On GitHub, the HTML representation is unable to render, please try loading this page with nbviewer.org.
Pipeline(steps=[('transformer', PowerTransformer(method='box-cox')),
                ('scaler', MinMaxScaler())])
PowerTransformer(method='box-cox')
MinMaxScaler()

Notice how a double underscore is used to access an argument within a named step of the pipeline.

Application¶

To conclude this lab, you will apply the workflow from the example to a new dataset on your own. The data for this application comes from the UC-Irvine machine learning repository, you can read more about these data at this link).

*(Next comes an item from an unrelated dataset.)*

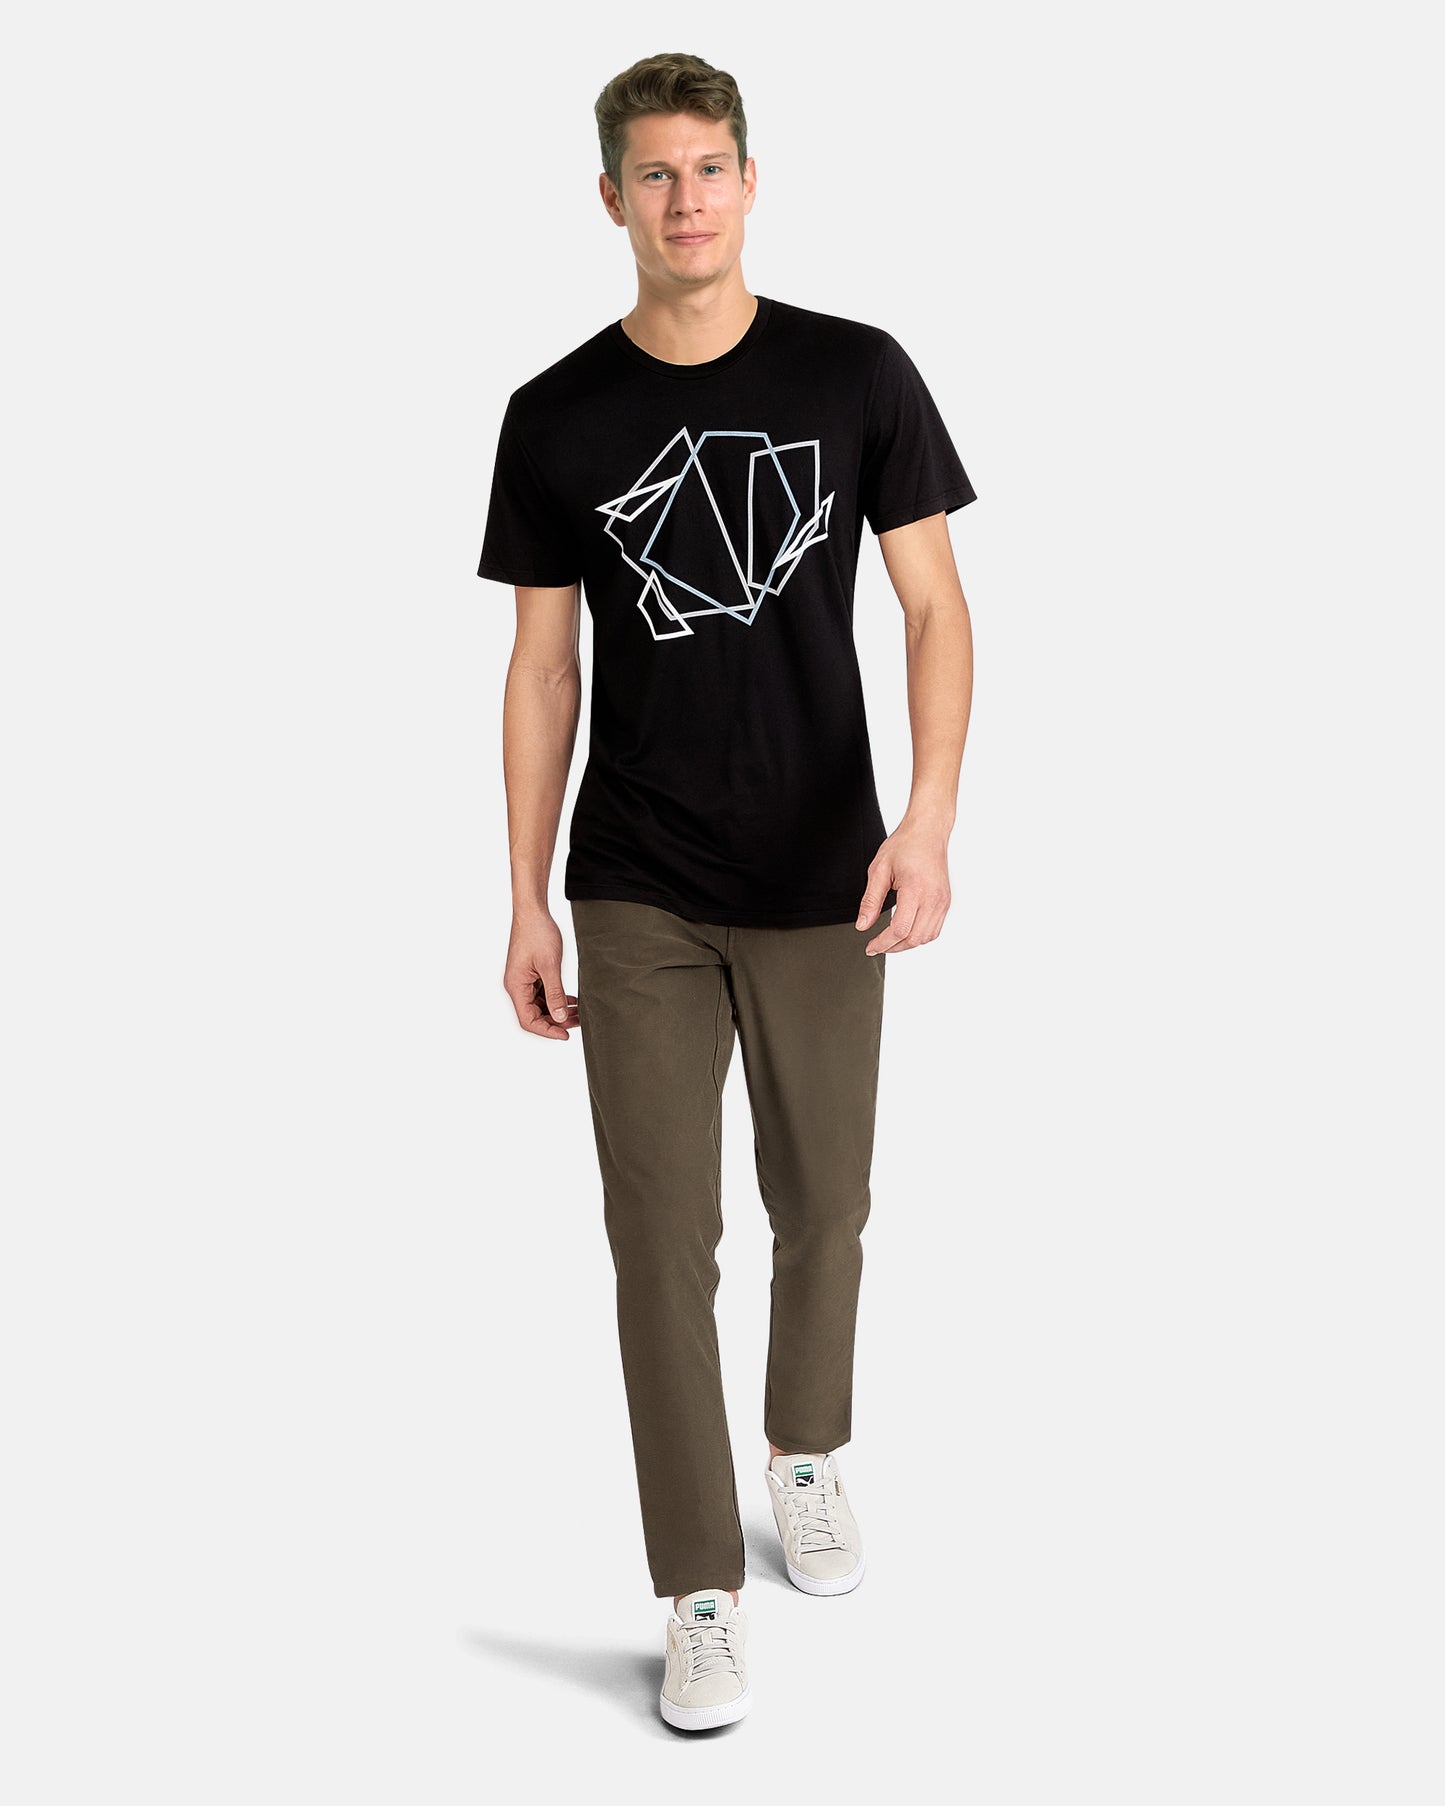 Shape Tangle T-Shirt, Black

Each observation consists of the mean values for various cell characteristics of a patient. The goal is to predict the patient's diagnosis (recorded as "Label").

In [15]:
## Read data
wbc = pd.read_csv("https://remiller1450.github.io/data/wisc_bc.csv")

Question 4:

  • Part A: Create a 70% training, 30% testing data split using random_state = 5.
  • Part B: Create histograms showing the distributions of the 10 numeric predictors, then decide upon whether a data preparation pipeline should include transformations, rescaling, or both.
  • Part C: Use the plotting.scatter_matrix() function in pandas (you may click here for documentation to help you decide if dimension reduction via PCA is appropriate for these data.
  • Part D: Regardless of your decision in Part C, create a scree plot of the variance explained by various numbers of retained components when PCA is applied to the numeric predictors.
  • Part E: Set up a machine learning pipeline that includes the following steps:
    1. A normalizing transformation
    2. Rescaling
    3. Dimension reduction via PCA (selecting the number of components using the results found in Part D)
    4. A $k$-nearest neighbors model using $k=10$, Manhattan distance, and inverse-distance weighting
  • Part F: Find the accuracy of your approach on the test data set.
  • Part G: Compare the accuracy on the test set to the proportion of training data in the majority class. Briefly comment upon whether the model appears to have learned something meaningful.